Top 10 Tips For Heart Health At Menopause
Did you know that women are three times more likely to die of heart disease than breast cancer? Knowing how to keep your heart healthy, and help prevent attack or stroke, is critical at menopause when the risk increases.
Menopause carries many increased health problems, but the most serious is heart disease as it is linked to a number of other conditions that commonly arise at this time.
The risk does increase significantly at menopause so if you want to stay heart healthy then according to new research published in the Journal of the American College of Cardiology following these guidelines will help minimise your risk.
Women who adhered to them lowered their heart disease risk by 92 percent.
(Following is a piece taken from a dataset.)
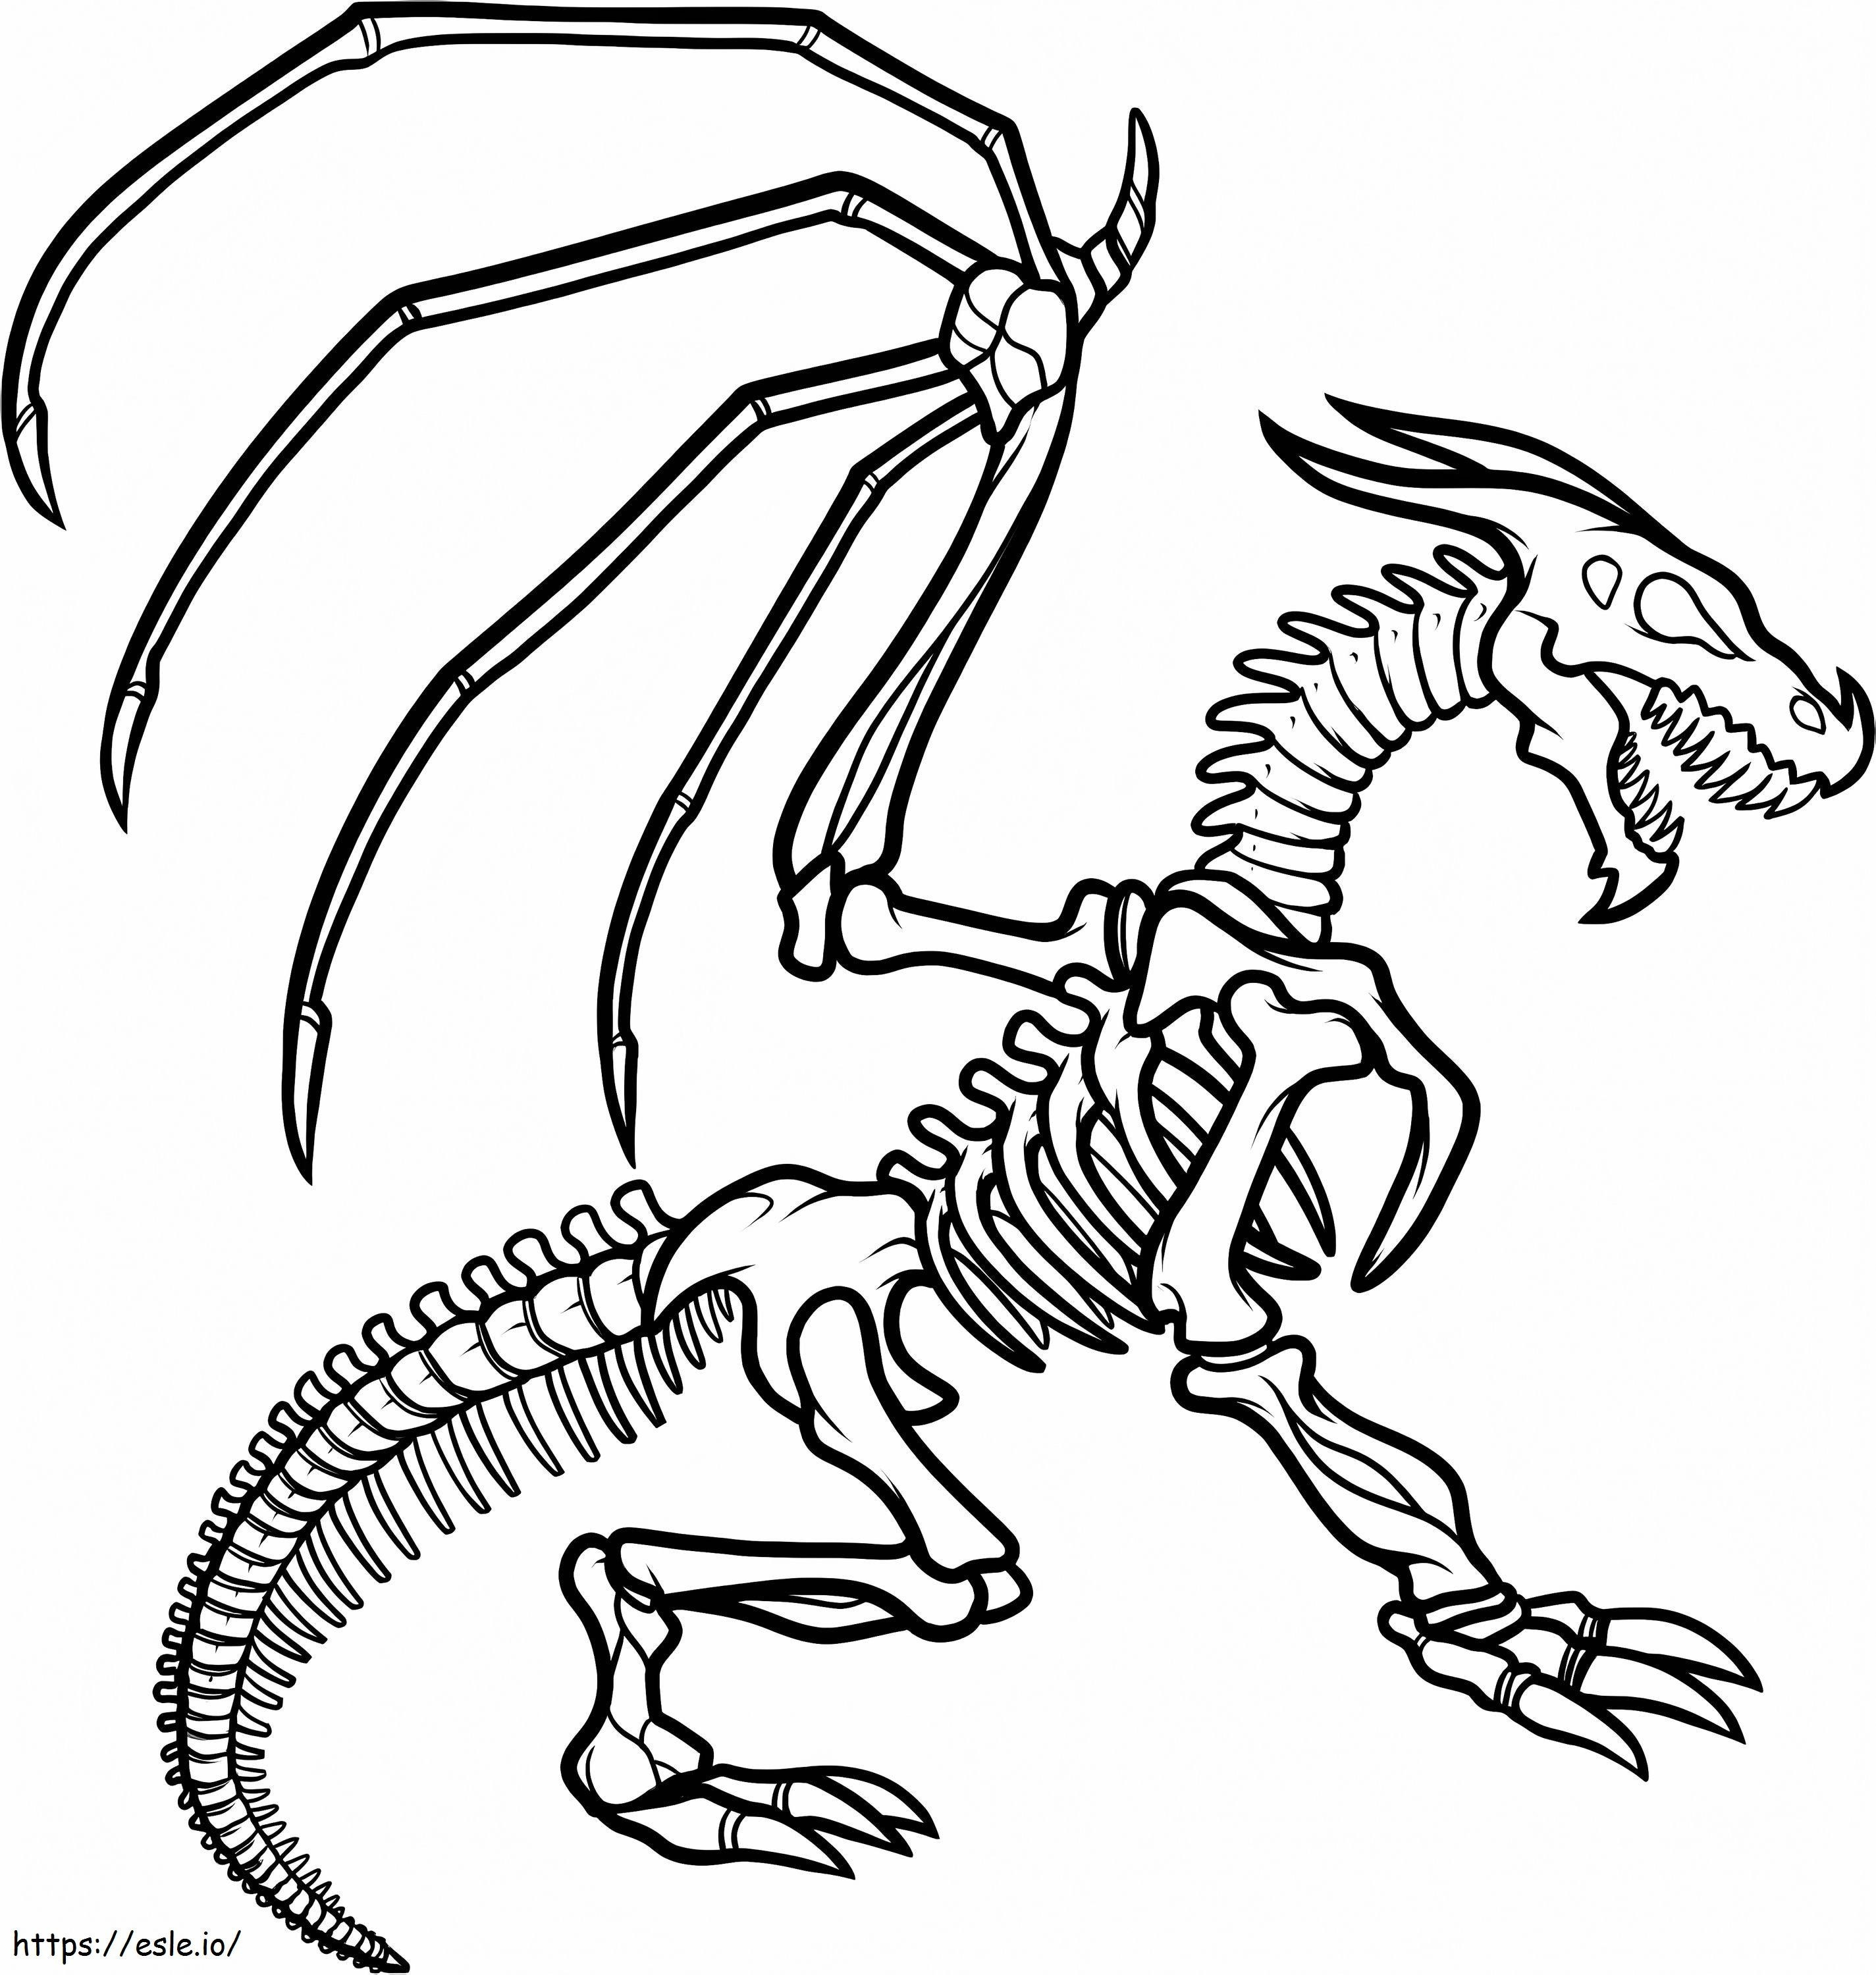 Creepy Skeleton Dragon coloring page

Based on that, researchers estimated that more than 70 percent of heart attacks could be prevented by implementing these simple steps.
1. Get your blood pressure checked
If you have any family history of heart disease, particularly if you’re over 40, ask your GP about having a health check to assess your risk.
An increase in blood pressure to a higher level can increases your risk of heart disease, particularly if you are also overweight.
2. Stop smoking
Stopping smoking will lessen your chances of developing heart disease as you are twice as likely to have a heart attack if you smoke. If you need encouragement to give up, then there is plenty of help available and statistics suggest that women have not stopped smoking at the same rate as as men have.
3. Increase how much exercise you do
There are many ways to keep fit, but to protect your heart you need to do at least two and a half hours of moderate-intensity aerobic activity. It can be dancing, cycling or fast walking but must be a consistent amount every week. Only about one in four women in England does enough physical activity to protect her heart and if you are sitting for long periods then that too will increase your risk.
4. Lose weight if you need to
Menopause is unfortunately a time when most women do put on weight, and the current figures suggest that about six in every ten women in England are either overweight or obese. This puts a strain on your heart, and you’re more likely to have high blood pressure and high cholesterol, which also increase the risk of heart disease.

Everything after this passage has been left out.